Captain (Uncle) Joe Gildea was a remarkably intelligent middle child who knew the military was his only escape from the generational struggle of middle-class America.

He applied his talents to ascend to military accolades and a final resting place in the hallowed ground of Arlington National Cemetery.

And then there was the brazen confidence of Uncle Tommy Gildea, with his “you gotta wanna win” mentality.

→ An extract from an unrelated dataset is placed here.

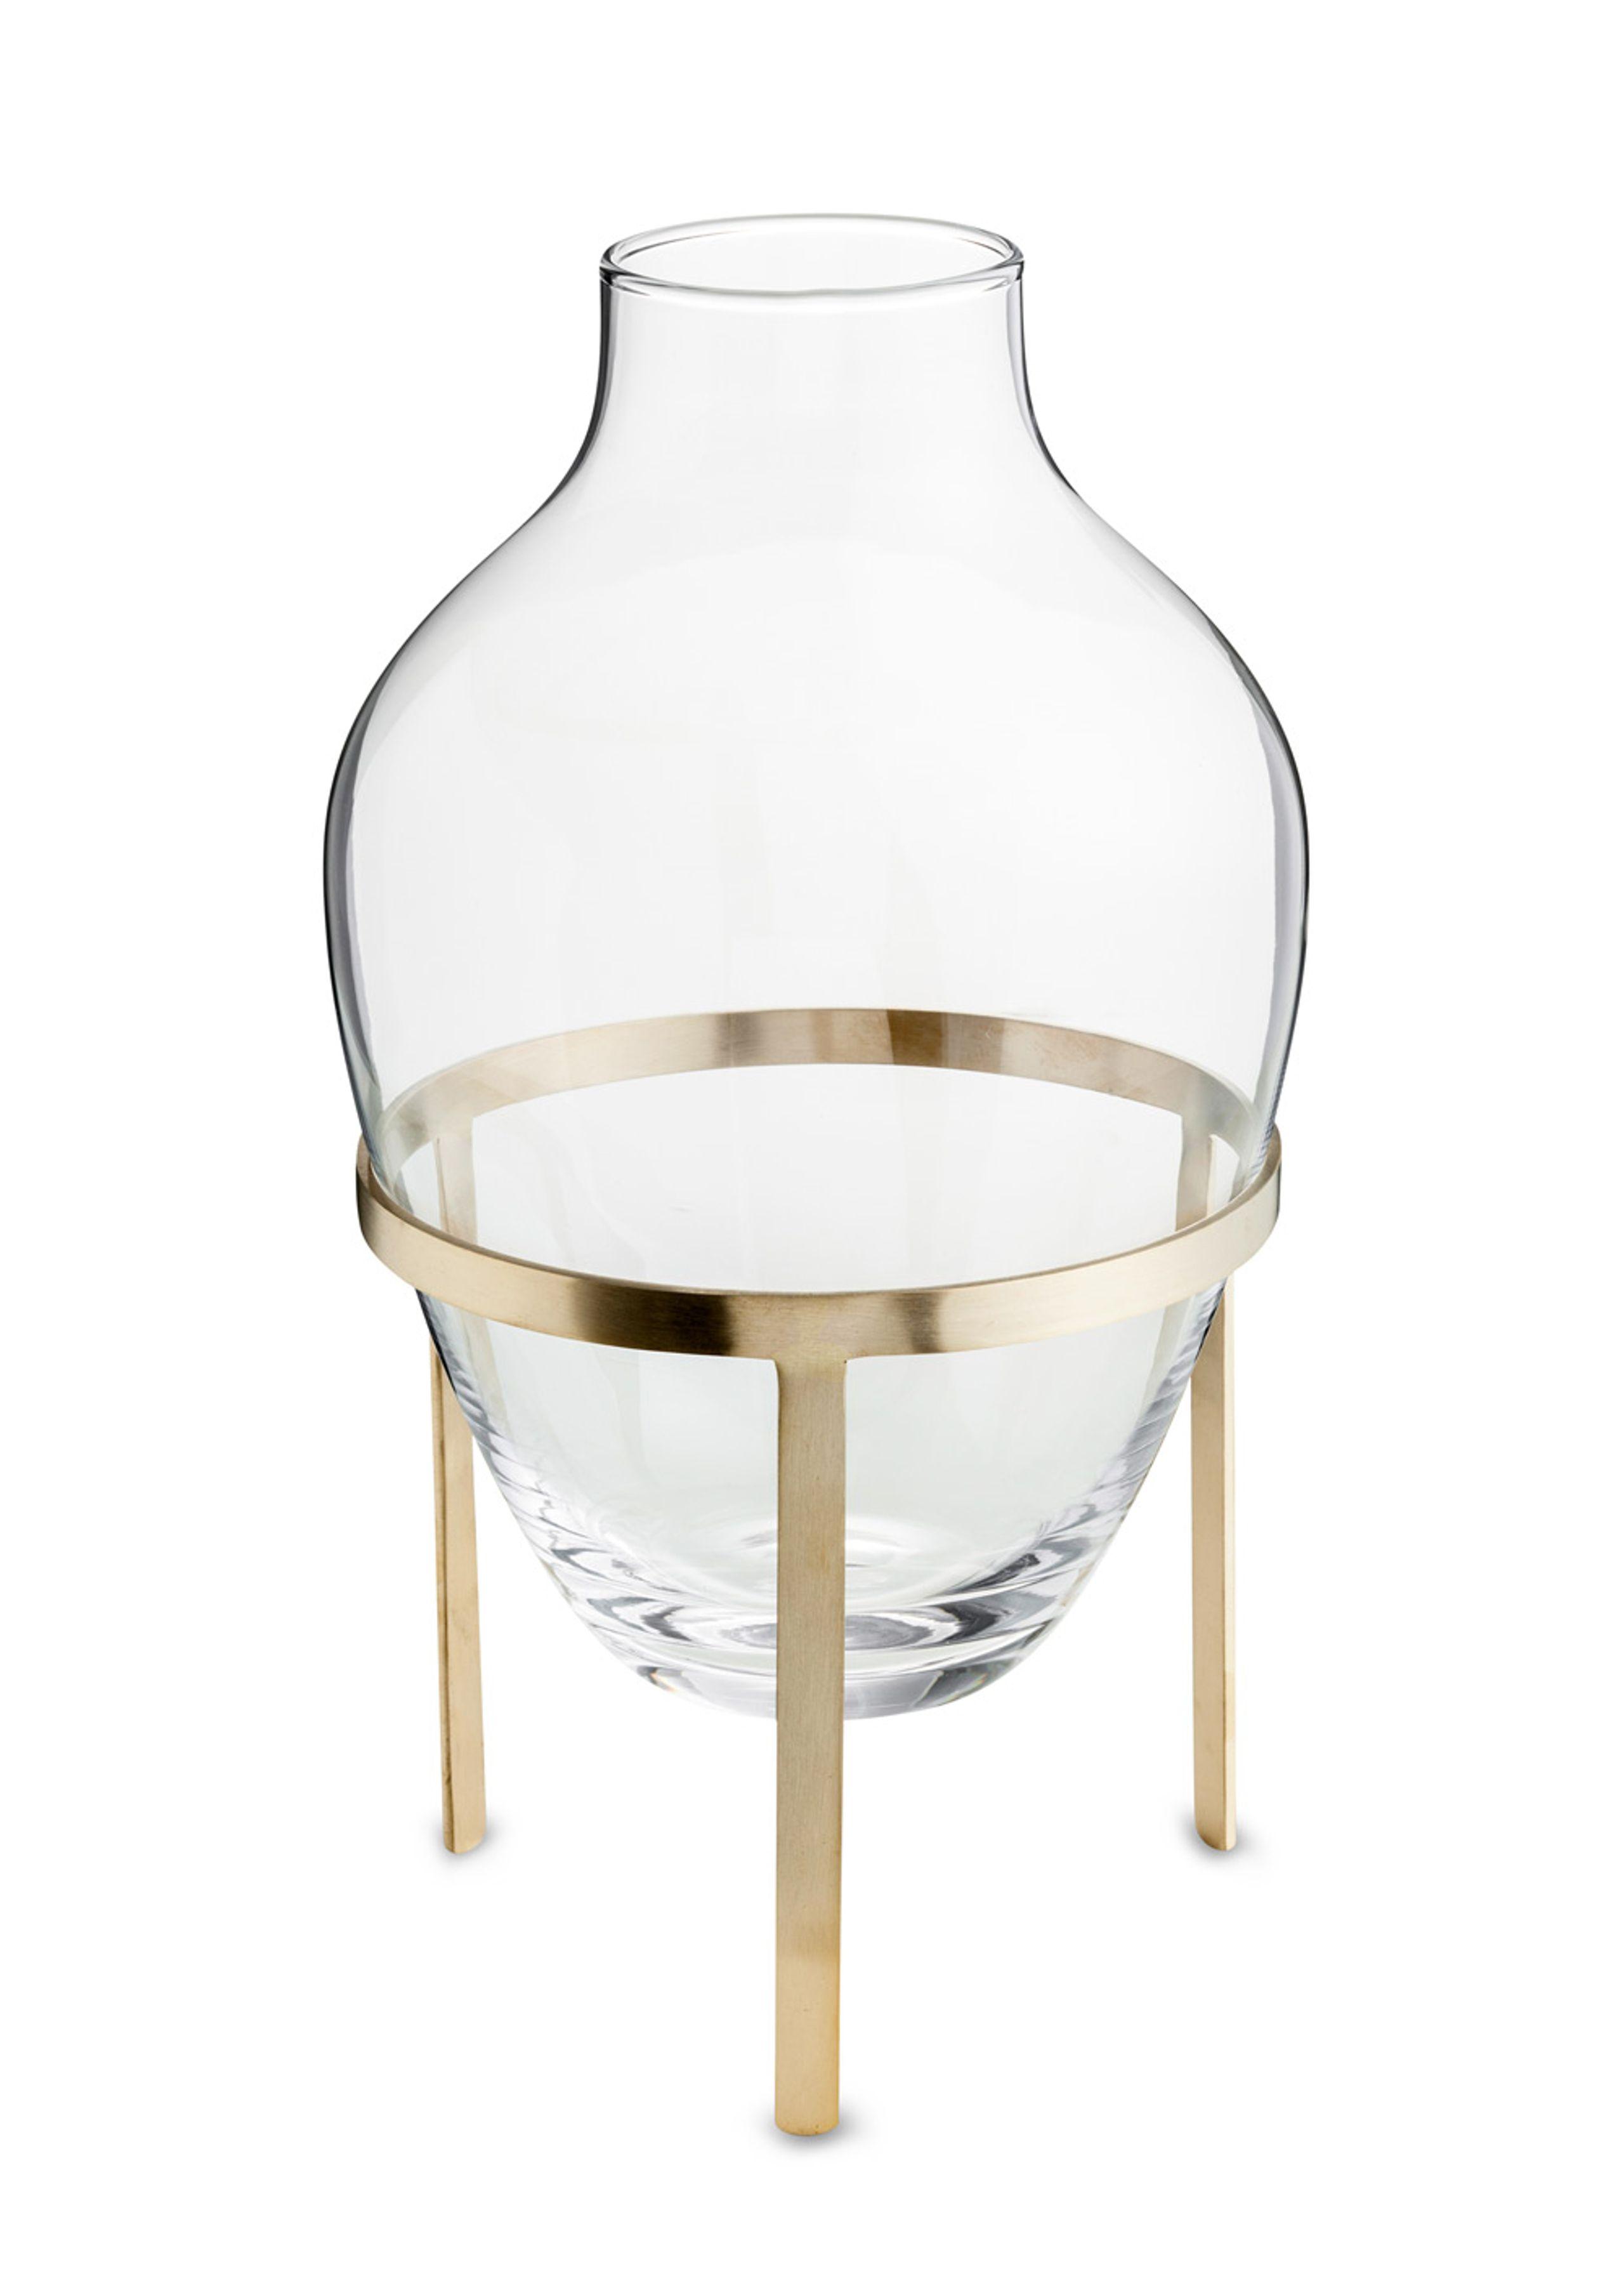 Glass vase w. stand

Despite being from the wrong side of the tracks, as a teenager he bet a friend he would marry his beautiful girlfriend from the hills, get a Division I football scholarship and became the owner of a successful construction business through hard work and moxie.

He did all three.

Though their paths following the Great Depression and their childhood days of hauling ashes to help put food on the table were very diverse, my heroes succeeded in life, not because of any money they may have made or any accolades they may have received but because of their lifelong commitment to the values upon which our great nation was formed: Devotion to God and family, dedication to country and a firm belief in the value of hard work.

What a strong foundation upon which to build a life.

My heroes taught us to treat everyone with dignity and respect, regardless of their financial status, their religious belief, or the color of their skin.

“Who am I to judge?” is a valuable lesson, one that is sadly lost on far too many, even our “leaders.”

To all dads and future dads, your legacy will not be defined by the fortunes you make or the roads you travel but more so by the legacy you leave through the lives you touch.

My hope is that you are fortunate to have heroes in your lives, are smart enough to learn from them and realize the importance of your role in the lives of those to follow.

Bob Gildea is the superintendent of the Hollidaysburg Area School District.